5.5.2 Spoorweglawaai

Het bedrijventerrein Nishoek is gesitueerd aan de spoorlijn Vlissingen - Roosendaal en beschikt over een NS-station. Ook bedrijventerrein De Poort ligt in de nabijheid van dit spoortraject. Er is echter geen sprake van laad- en overslag via het spoor en de ontwikkelingen op deze bedrijventerreinen hebben geen invloed op het gebruik van het spoortracé. De andere terreinen zijn niet gesitueerd aan of nabij het genoemde spoortraject.
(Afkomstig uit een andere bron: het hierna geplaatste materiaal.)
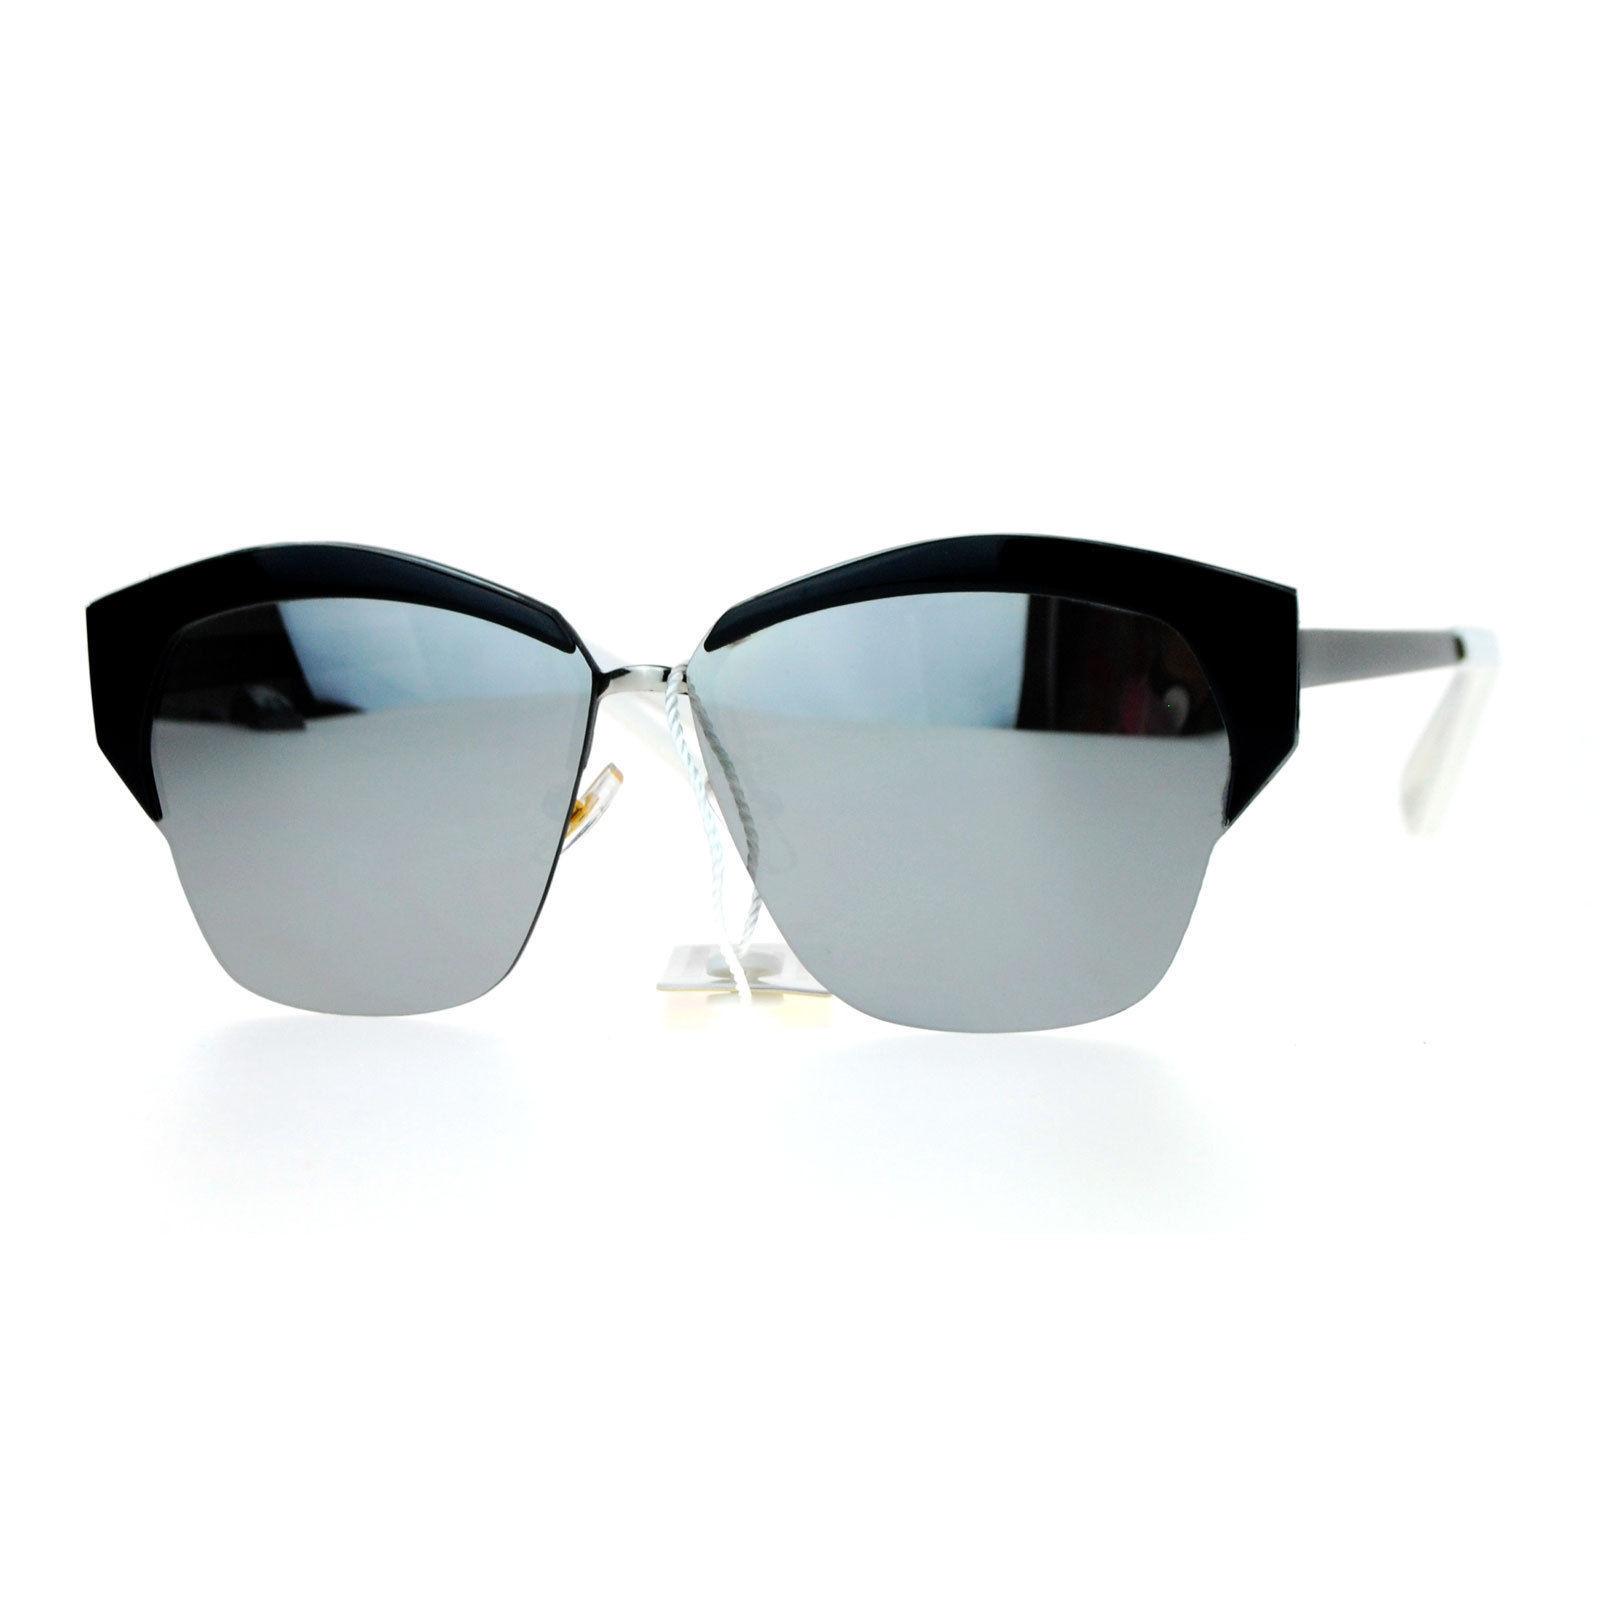 Womens Designer Sunglasses Half Rim Metal Top Trendy Flat Lens Shades

Binnen het plan worden geen nieuwe geluidsgevoelige ontwikkelingen mogelijk gemaakt, zoals (bedrijfs)woningen. Tevens vinden er geen reconstructies plaats aan het spoorwegtracé of worden nieuwe railverbindingen aangelegd in de directe omgeving van bestaande geluidsgevoelige functies. Door het uitblijven van deze ontwikkelingen kan een toetsing aan de Wet geluidhinder ten aanzien van het spoorweglawaai achterwege blijven.

5.5.3 Industrielawaai

Er is geen sprake van een gezoneerd industrieterrein zoals bedoeld in de Wet geluidhinder.

5.6 Luchtkwaliteit

Toetsingskader

Het toetsingskader voor luchtkwaliteit wordt gevormd door titel 5.2 van de Wet milieubeheer, ook wel Wet luchtkwaliteit (Wlk) genoemd. De Wlk bevat grenswaarden voor zwaveldioxide, stikstofdioxide en stikstofoxiden, fijn stof, lood, koolmonoxide en benzeen. Hierbij zijn in de ruimtelijke ordeningspraktijk langs wegen met name de grenswaarden voor stikstofdioxide (jaargemiddelde) en fijn stof (jaar- en daggemiddelde) van belang. In tabel 5.5 is een overzicht opgenomen van de grenswaarden voor stikstofdioxide en fijn stof zoals die gelden na het in werking treden van het NSL (op 1 augustus 2009).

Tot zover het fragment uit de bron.